You would be better to lay a sub floor over the XPS. What is the current height. from floor to joists for the main floor?


----------



## ram1500 (Oct 14, 2012)

Walls and ceilings are already have drywall and primed.

Since this is a basement we have bulkheads around ducts. Under bulk heads is about 79 1/2" high otherwise everywhere else is 90".

As an FYI, bulk head is bout 5ft wide right in the middle of house. Kinda large IMO but there wasn't a choice.

My wife suffers from raynauld's, poor blood circulation in the hands/feet, so it has to be warm.

We will be adding a gas fireplace as well if that helps.


----------



## gregzoll (Dec 25, 2006)

Your best bet is to use either heat under the flooring, or baseboard rad's, and forgive the xps on the floor. As long as you keep the air moving down there and heat when you are in the space, you will be fine. Personally I hate being in a basement for anything, unless I have to be down there to do something.

It is more of getting the walls insulated, is going to be your best bet, other than trying to put a bunch of work into effort on the floor.

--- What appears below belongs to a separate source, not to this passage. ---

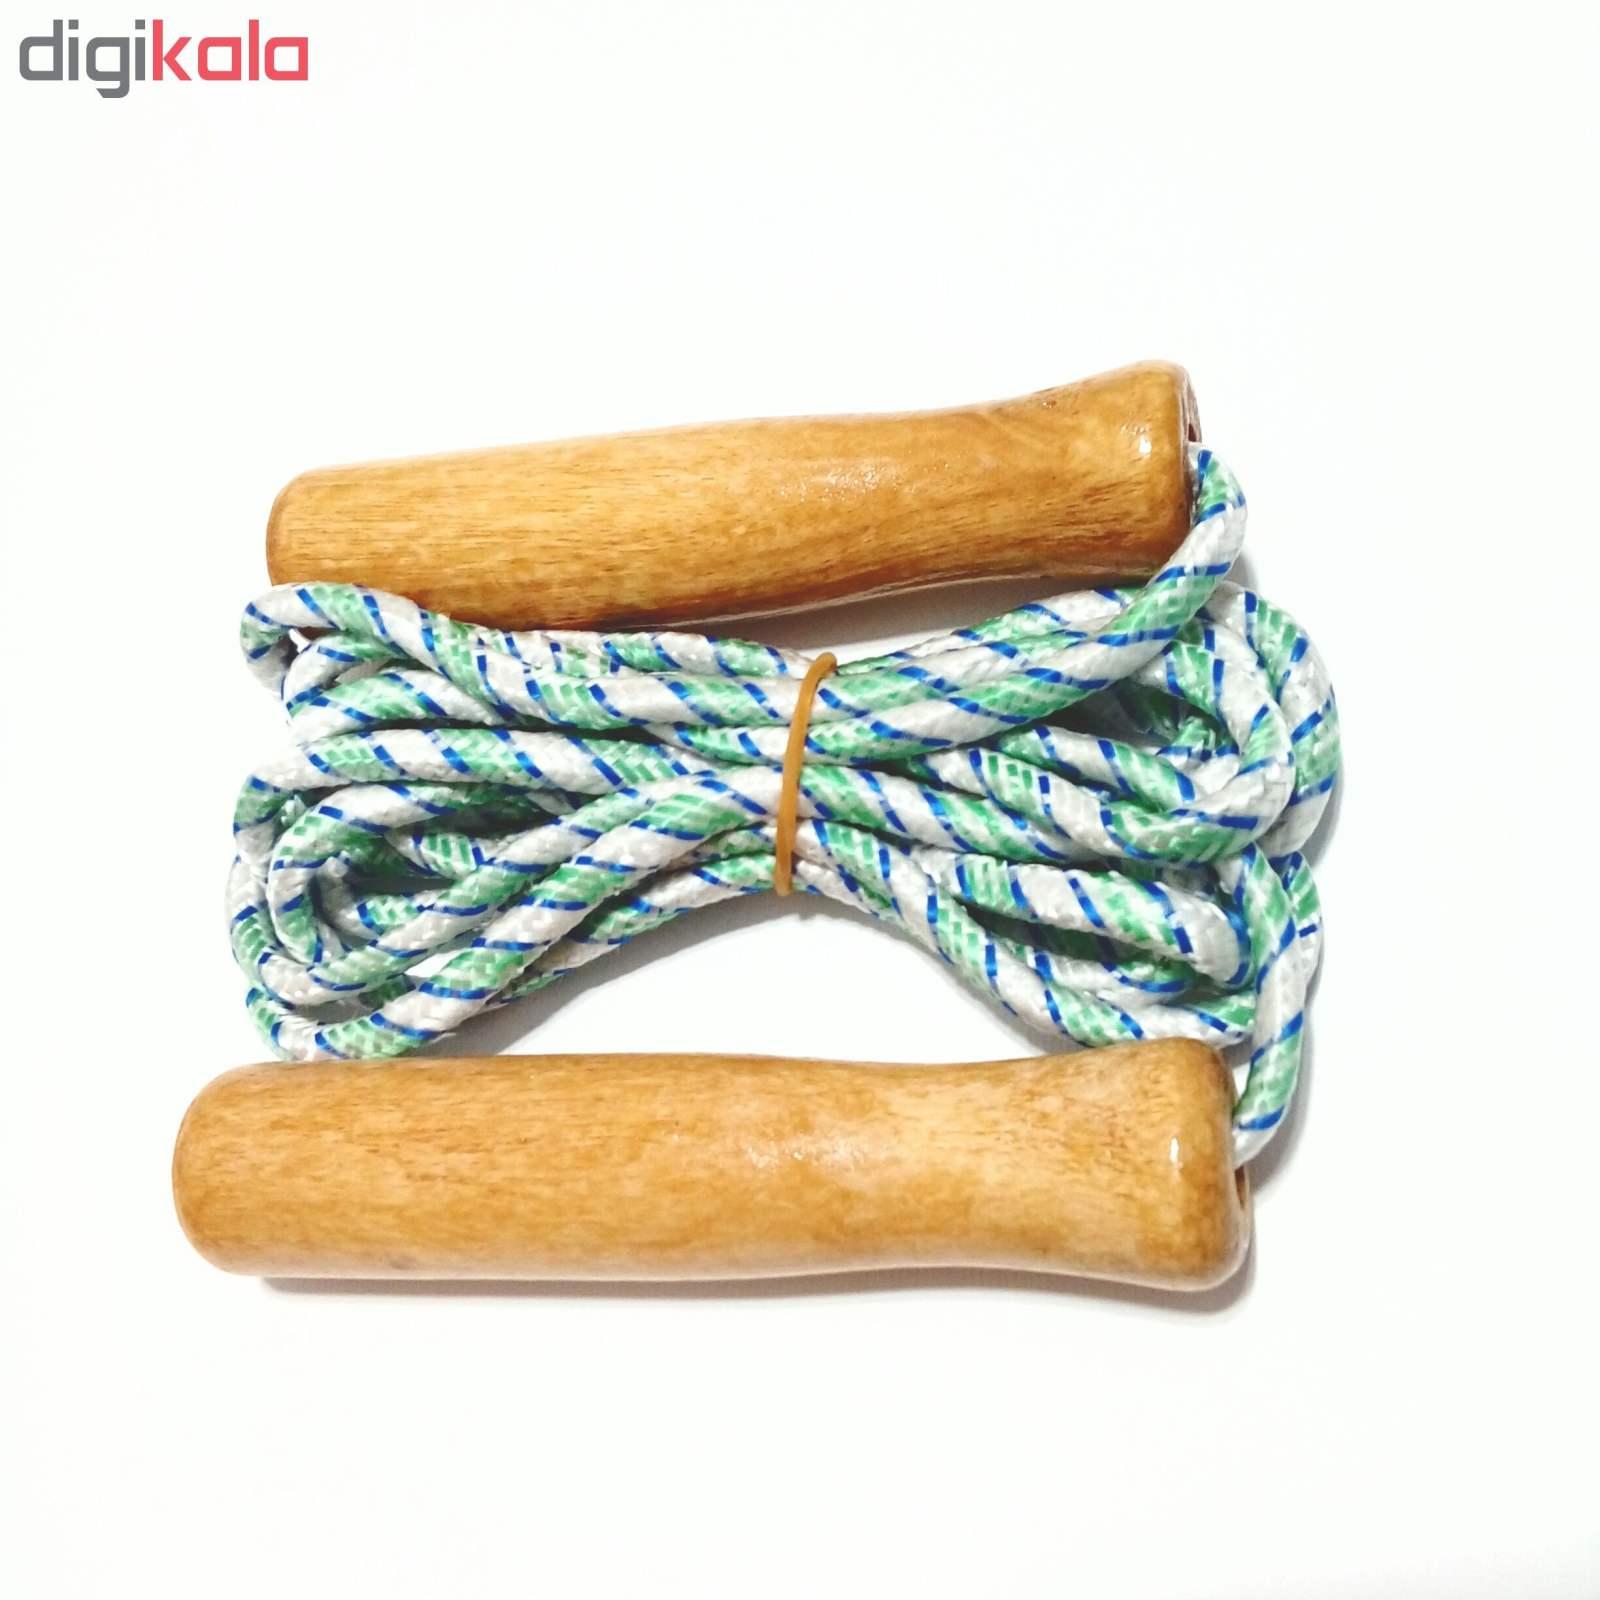 طناب ورزشی دسته چوبی جامپ روپ کد 224 main 1 2

At a little over 6 1/2 feet at the lowest point, and 7 1/2 at the highest, your basement is actually about the same as ours. I have to stoop to get under the duct work above our furnace. due to I am 6'-4".


----------



## Gary in WA (Mar 11, 2009)

The psi depends on the furniture planned... I usually site this at 36# or 5200#ft.2; http://www.cosella-dorken.com/bvf-ca-en/products/foundation_residential/floor/products/fl.php

Here are some other foams/floors: http://www.buildingscience.com/documents/insights/bsi-059-slab-happy

http://www.buildingscience.com/documents/insights/bsi-003-concrete-floor-problems?full_view=1

Were you looking to heat it?

Gary


----------